▶ _TASK ITEM_: This calls for a word-for-word copy of all the data, with each picture removed.

##### DATA EXCERPT

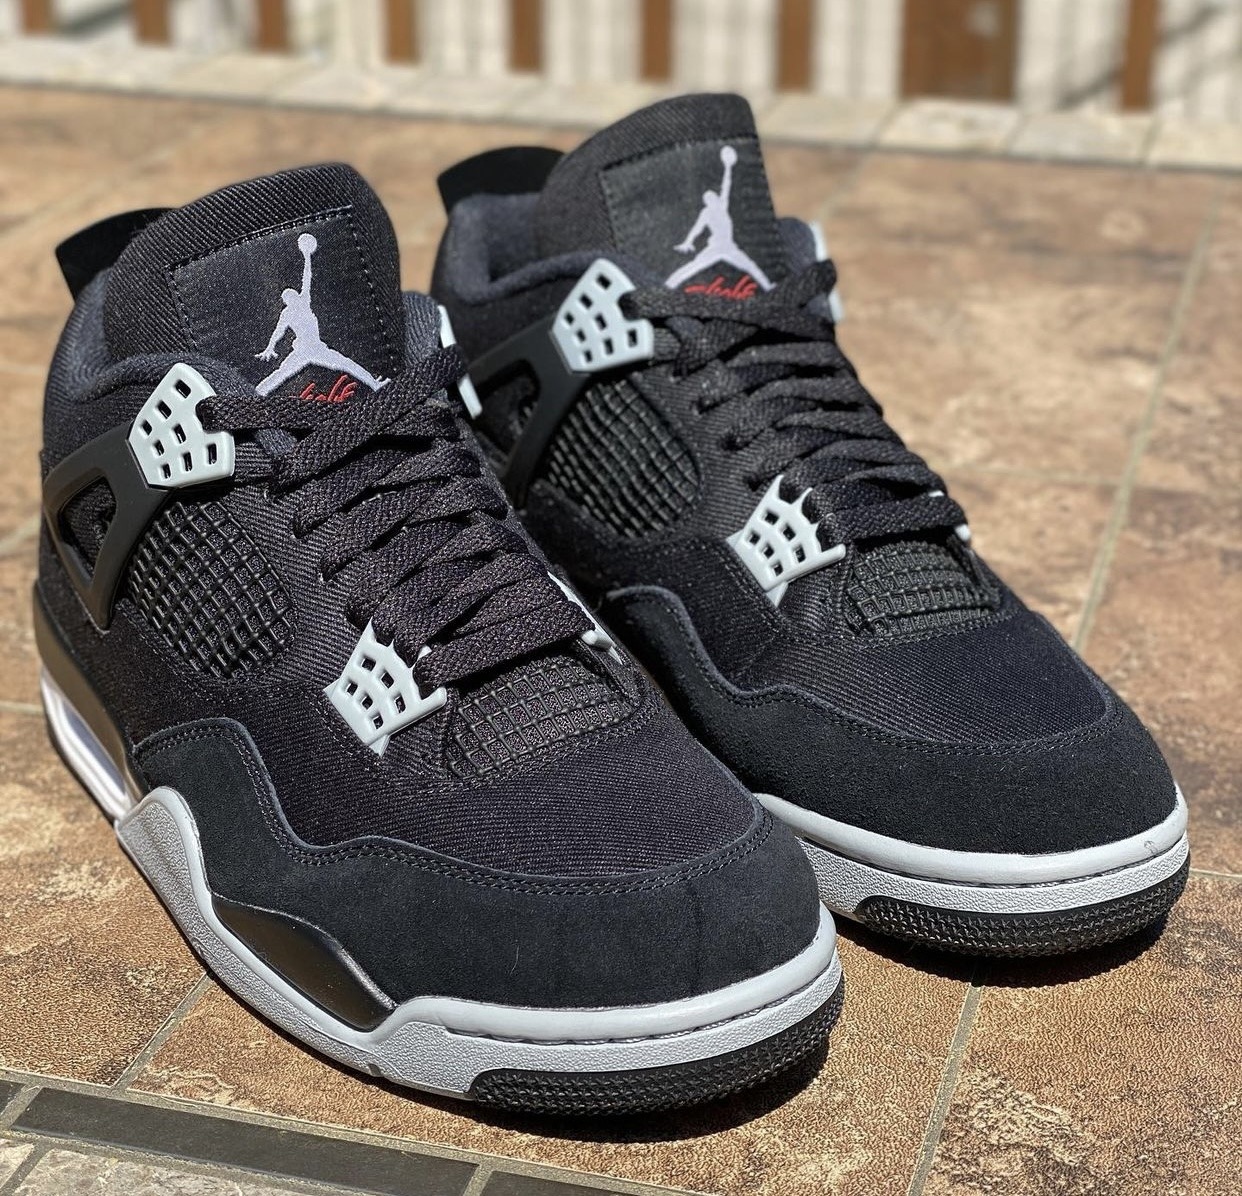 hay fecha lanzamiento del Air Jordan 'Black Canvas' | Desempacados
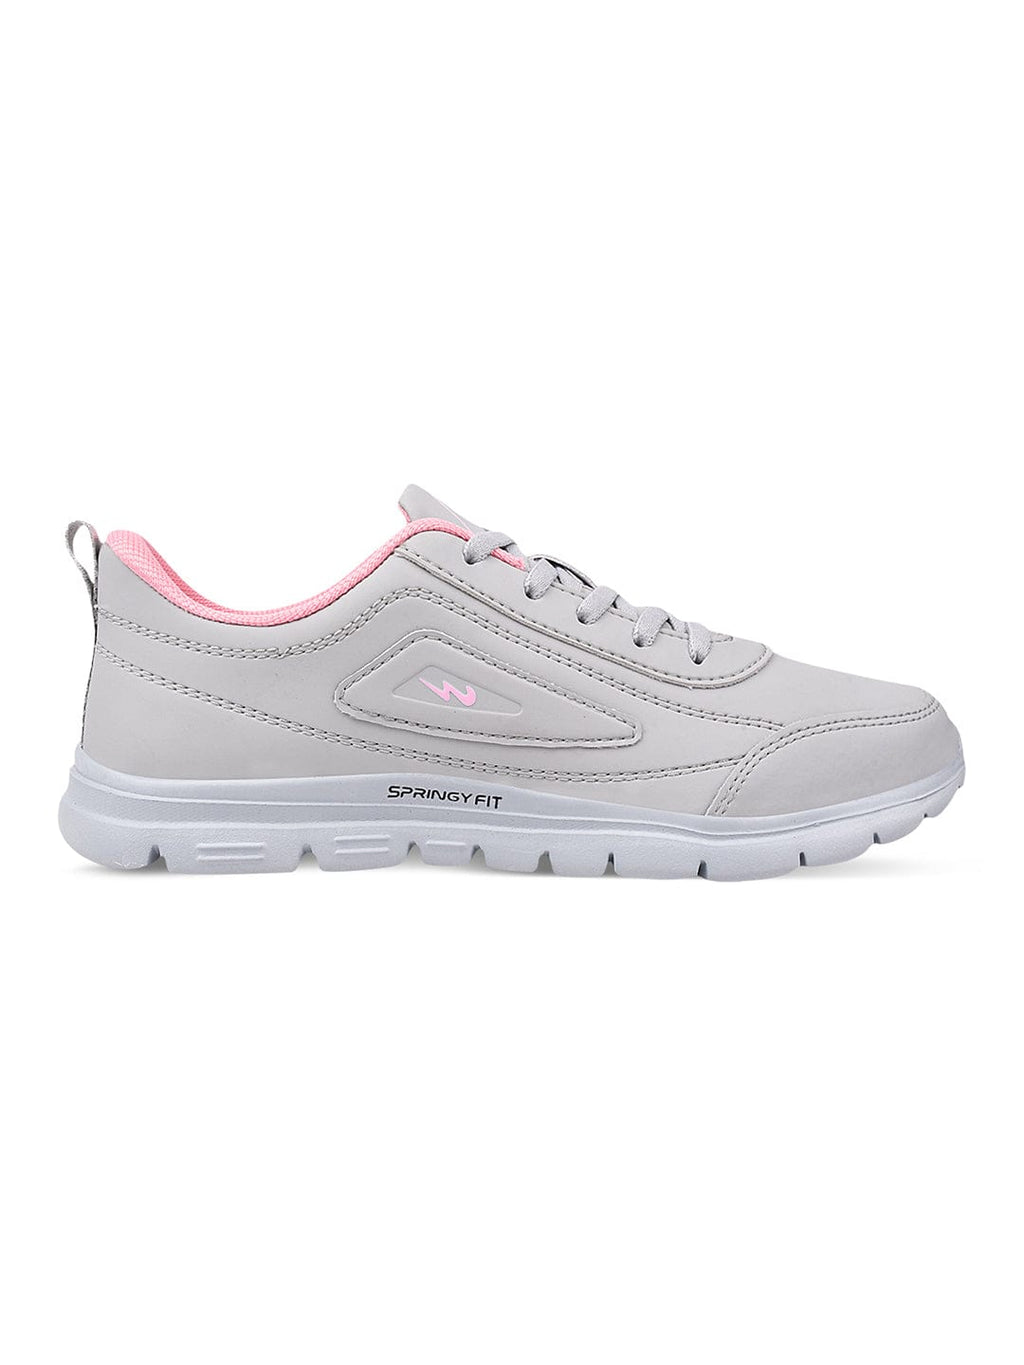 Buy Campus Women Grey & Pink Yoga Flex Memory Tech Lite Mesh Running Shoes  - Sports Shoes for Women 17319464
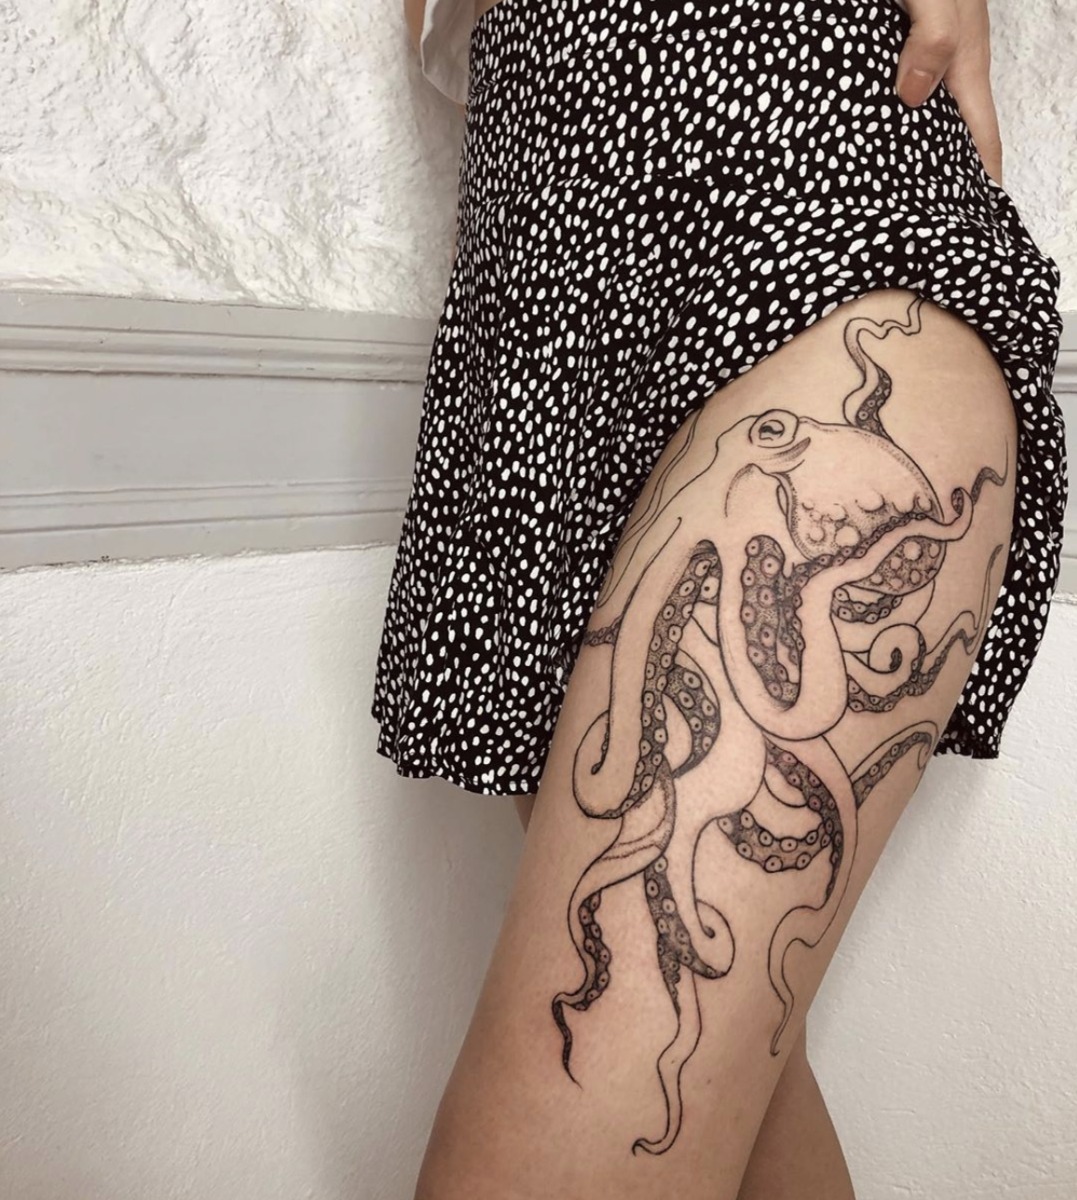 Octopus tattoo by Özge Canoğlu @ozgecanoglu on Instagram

##########

▶ _EXERCISE SOLUTION_:
 hay fecha lanzamiento del Air Jordan 'Black Canvas' | Desempacados
 Buy Campus Women Grey & Pink Yoga Flex Memory Tech Lite Mesh Running Shoes  - Sports Shoes for Women 17319464
 Octopus tattoo by Özge Canoğlu @ozgecanoglu on Instagram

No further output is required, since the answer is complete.